The U.S. Department of Agriculture (USDA) publishes a variety of datasets online, particularly through its National Agricultural Statistics Service (NASS). Unfortunately, most of are published in PDF or semi-structured text format, which makes reading the data into R or other statistical software a challenge.

The USDA NASS posts monthly reports about stocks of agricultural products in refrigerated warehouses. In this case study, you’ll use string processing functions to extract a table of data from the December 2022 report.

To begin, download the report and save it somewhere on your computer. Then open the file in a text editor (or RStudio) to inspect it. The goal is to extract the first table, about “Nuts, Dairy Products, Frozen Eggs, and Frozen Poultry,” from the report.

The report is a semi-structured mix of natural language text and fixed-width tables. As a consequence, most functions for reading tabular data will not work well on the entire report. You could try to use a function for reading fixed-width data, such as read.fwf or the readr package’s read_fwf on only the lines containing a table.
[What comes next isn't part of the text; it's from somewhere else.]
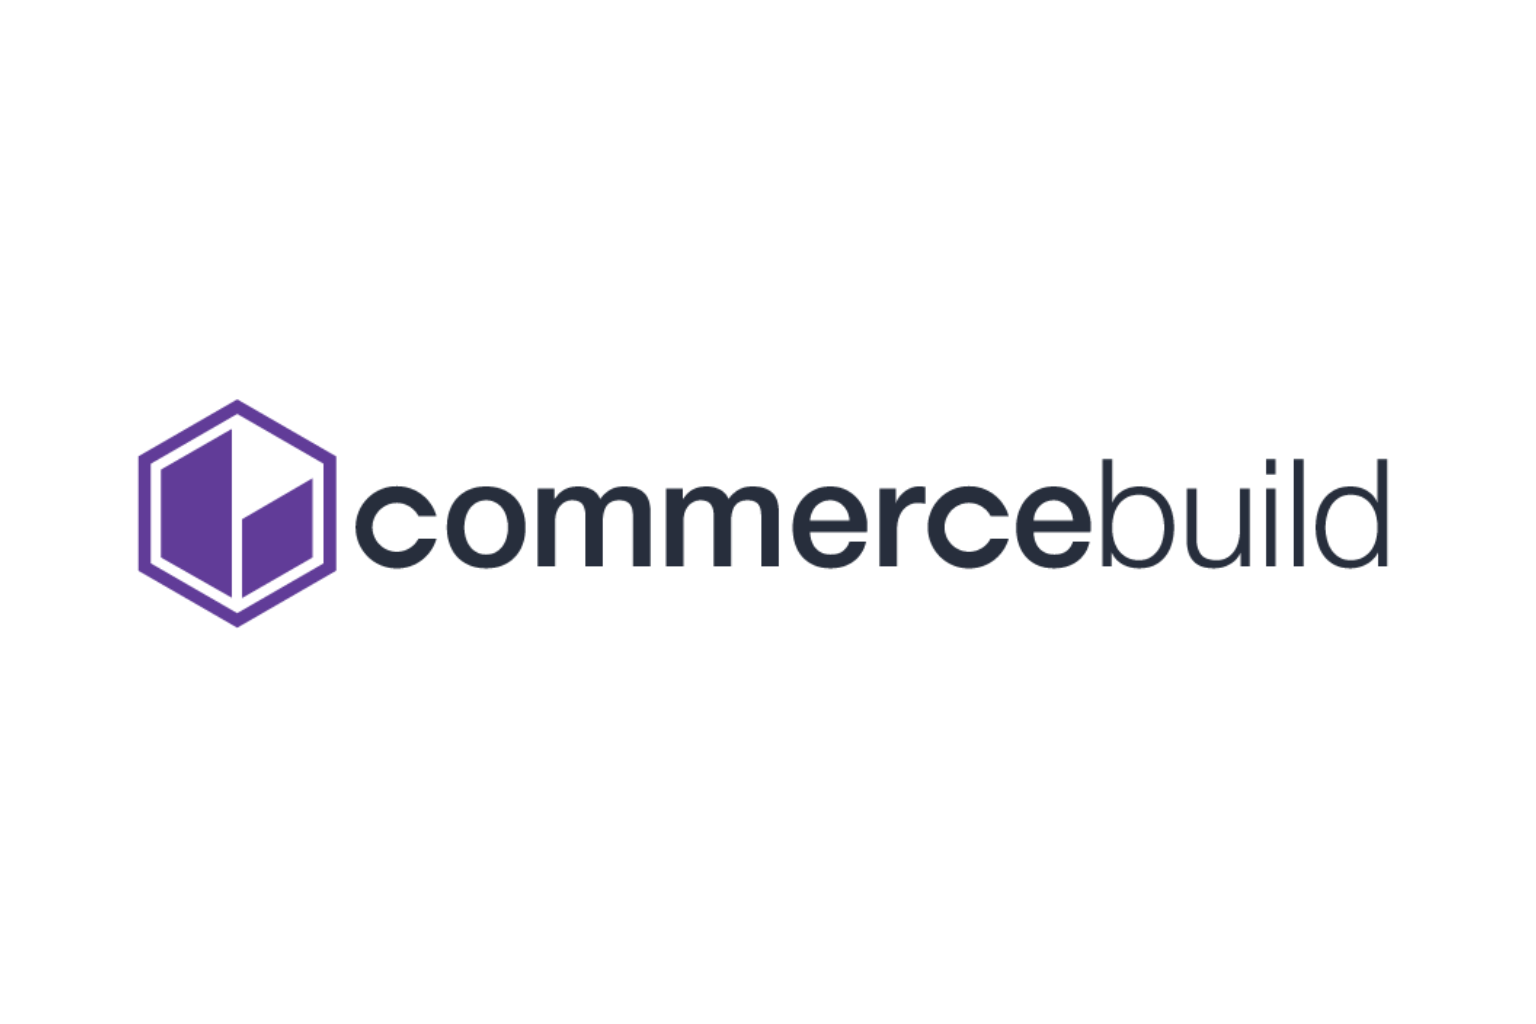 commercebuild-logo.png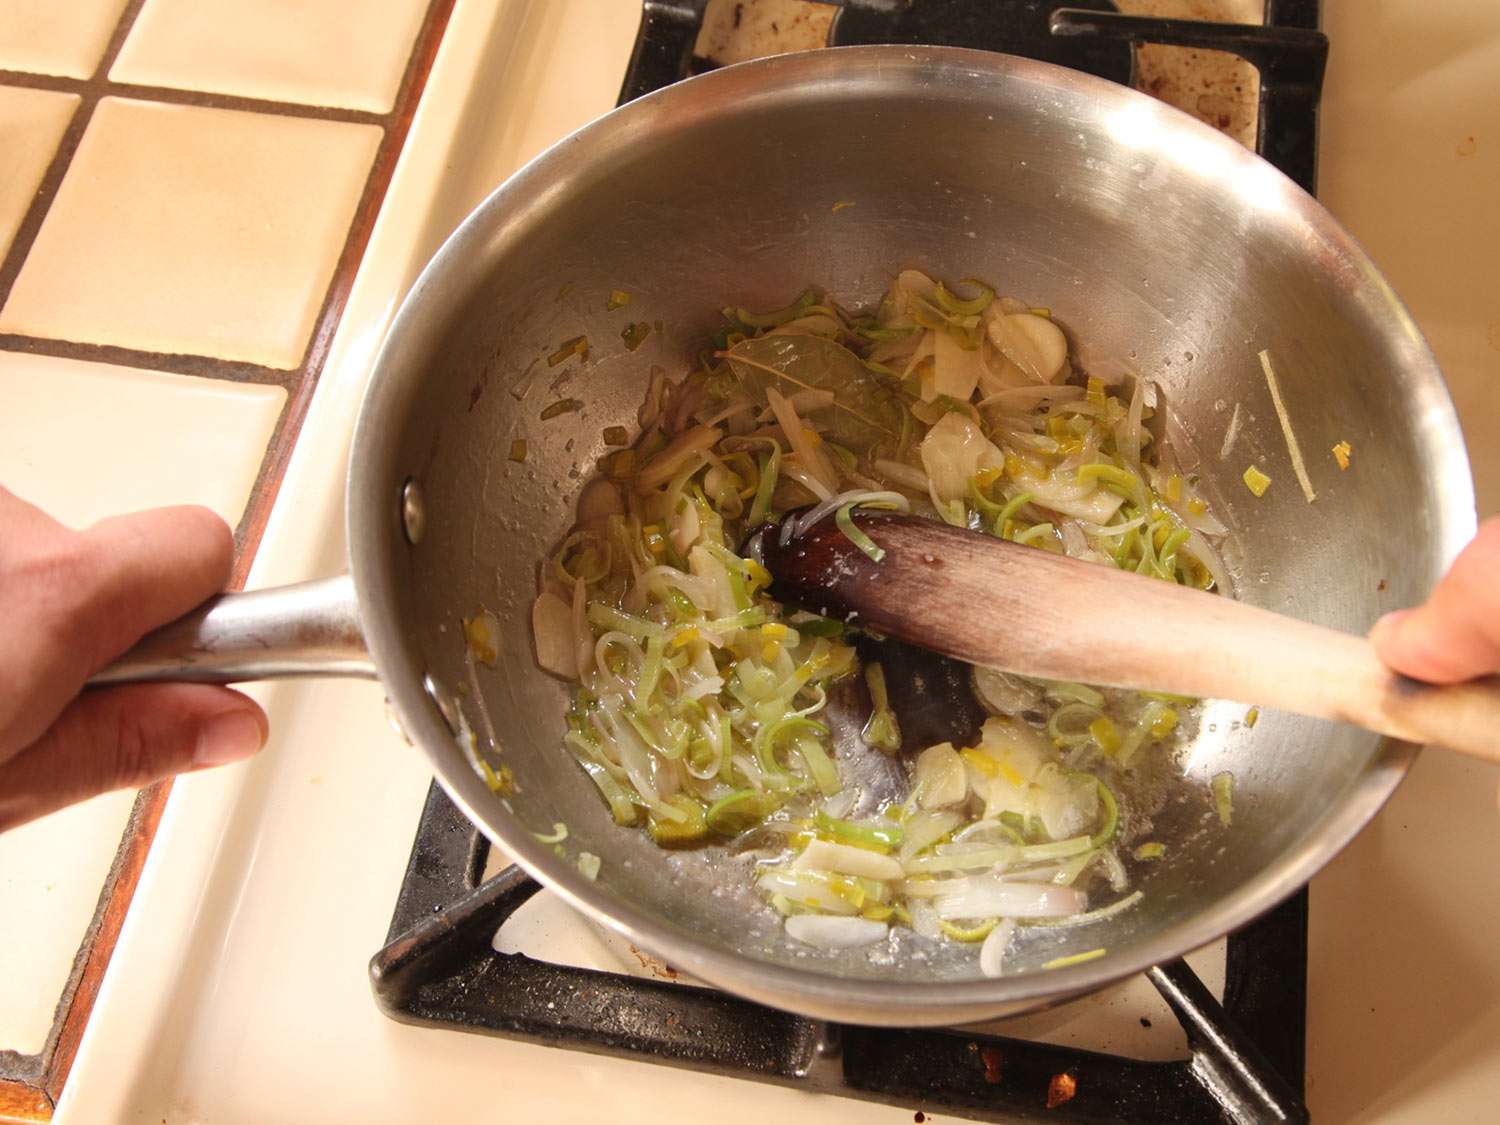 葱，韭菜和大蒜用黄油中火煮至软。切片的葱看起来软绵绵的，有点半透明。

Another approach, which is shown here, is to use string processing functions to find and extract the table.

The readLines function reads a text file into a character vector with one element for each line. This makes the function useful for reading unstructured or semi-structured text. Use the function to read the report:

report = readLines("data/cost1222.txt")
head(report)

## [1] ""                                                                            
## [2] "Cold Storage"                                                                
## [3] ""                                                                            
## [4] "ISSN: 1948-903X"                                                             
## [5] ""                                                                            
## [6] "Released December 22, 2022, by the National Agricultural Statistics Service "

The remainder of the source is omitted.